Un basculement énergétique inédit s’opère entre le golfe de Guinée et les ports du nord-européen. La raffinerie du Dangote Group, opérée par le milliardaire nigérian Aliko Dangote, a expédié 70 000 barils de kérosène par jour vers l’Europe en avril 2026, contre 30 000 un an plus tôt, selon les données du cabinet Kpler.
Une progression de 770 % en deux ans
Le site industriel, installé dans la zone franche de Lekki à proximité de Lagos, a atteint son rythme de production maximal en février 2026, avec une capacité de traitement de 650 000 barils de pétrole par jour. Ses exportations de kérosène sont passées de 18 000 barils quotidiens en avril 2024 à 158 000 barils en avril 2026, d’après Kpler. Platts, filiale de S&P Global Commodity Insights, a recensé la raffinerie comme premier exportateur mondial de carburant aviation en avril 2026.
L’Afrique de l’Ouest dans son ensemble a vu ses exportations de distillats vers l’Europe doubler en un an pour atteindre 125 000 barils par jour, la majeure partie de cette hausse provenant des cargaisons nigérianes, selon le cabinet Vortexa.
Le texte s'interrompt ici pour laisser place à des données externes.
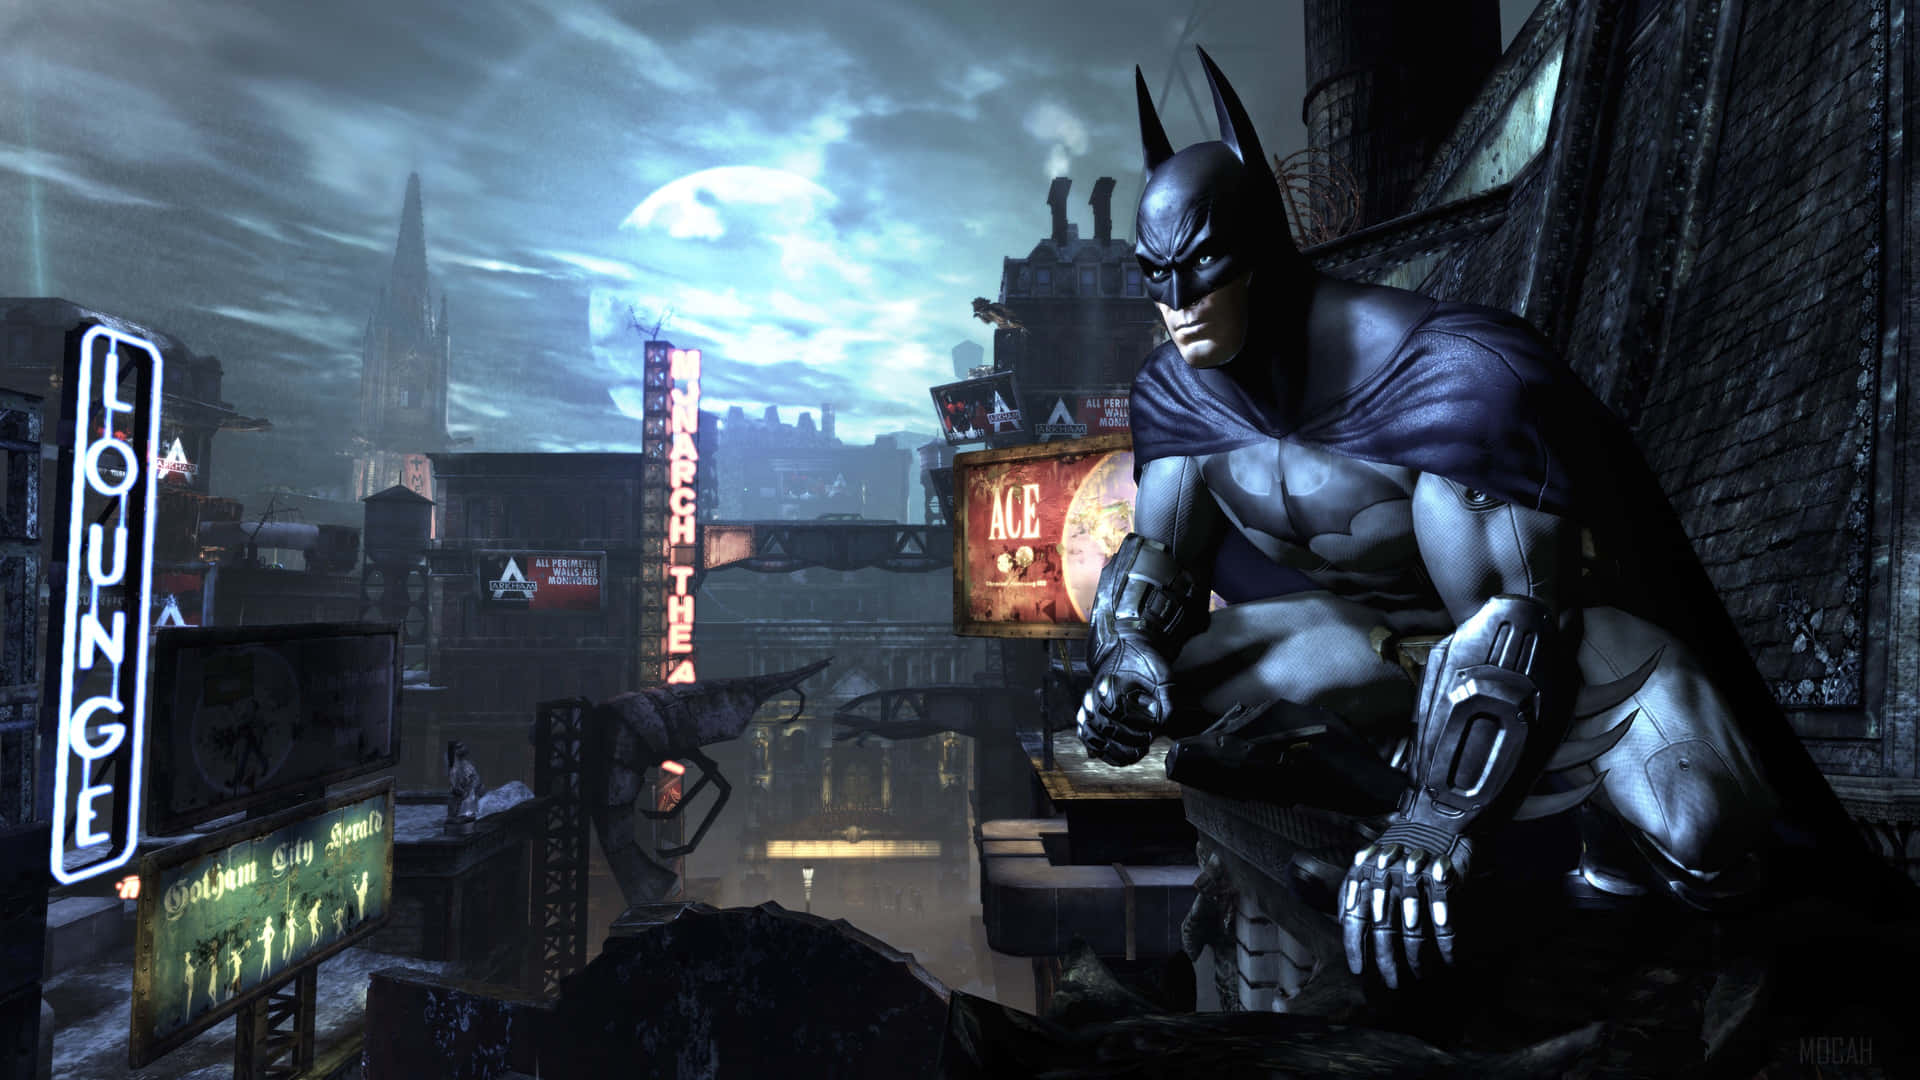 Welcome to Batman City - the Home of the Dark Knight! Wallpaper

Les importations européennes en provenance du Moyen-Orient ont chuté à 40 000 barils par jour en mai 2026, leur plus bas niveau en dix ans sur la série de données de Vortexa, dans un contexte de tensions liées au détroit d’Ormuz.
Rotterdam, premier point d’ancrage du carburant nigérian
Les premières cargaisons de kérosène nigérian à destination de Rotterdam, aux Pays-Bas, remontent à 2024, alors que les acheteurs européens cherchaient des alternatives aux approvisionnements russes. Sjaak Poppe, porte-parole de l’Autorité portuaire de Rotterdam, avait alors décrit la taille de l’installation comme « impressionnante », tout en précisant qu’elle resterait insuffisante face à la demande totale des Pays-Bas et de l’Europe.
Le groupe Dangote, par la voix de son porte-parole Anthony Chiejina, a indiqué avoir déjà livré 450 000 tonnes de carburant à douze pays africains confrontés à des pénuries avant d’élargir ses expéditions vers l’Europe. La société produit et fournit de l’essence et du diesel en quantités équivalentes, en plus du kérosène.
Des tensions internes au Nigeria
Cette stratégie d’exportation prioritaire vers les marchés à marge élevée a généré des frictions sur le marché intérieur nigérian. L’Airline Operators of Nigeria (AON) indique que la raffinerie fournit plus de 95 % du carburant Jet A1 consommé au Nigeria, tandis que les compagnies aériennes locales rapportent des hausses tarifaires et des pénuries dans les aéroports de Lagos, Abuja et Port Harcourt. La Nigerian Midstream and Downstream Petroleum Regulatory Authority (NMDPRA) est sollicitée par plusieurs opérateurs du secteur pour instaurer un mécanisme d’allocation prioritaire au marché domestique.
La raffinerie nigériane, à l’inverse, a réduit ses expéditions vers les États-Unis : ses exportations vers ce marché sont retombées à 14 000 barils par jour après un pic de 55 000 barils en février 2025, signe d’une réorientation rapide des flux selon les opportunités de marge identifiées par le groupe.
Le Dangote Group a confirmé un plan d’investissement de 40 milliards de dollars sur cinq ans, incluant un programme d’extension des capacités de la raffinerie sur un horizon de trois ans, selon les déclarations rapportées par S&P Global. Une introduction en bourse portant sur environ 10 % du capital du site, répartie sur plusieurs places financières africaines, est annoncée pour 2026.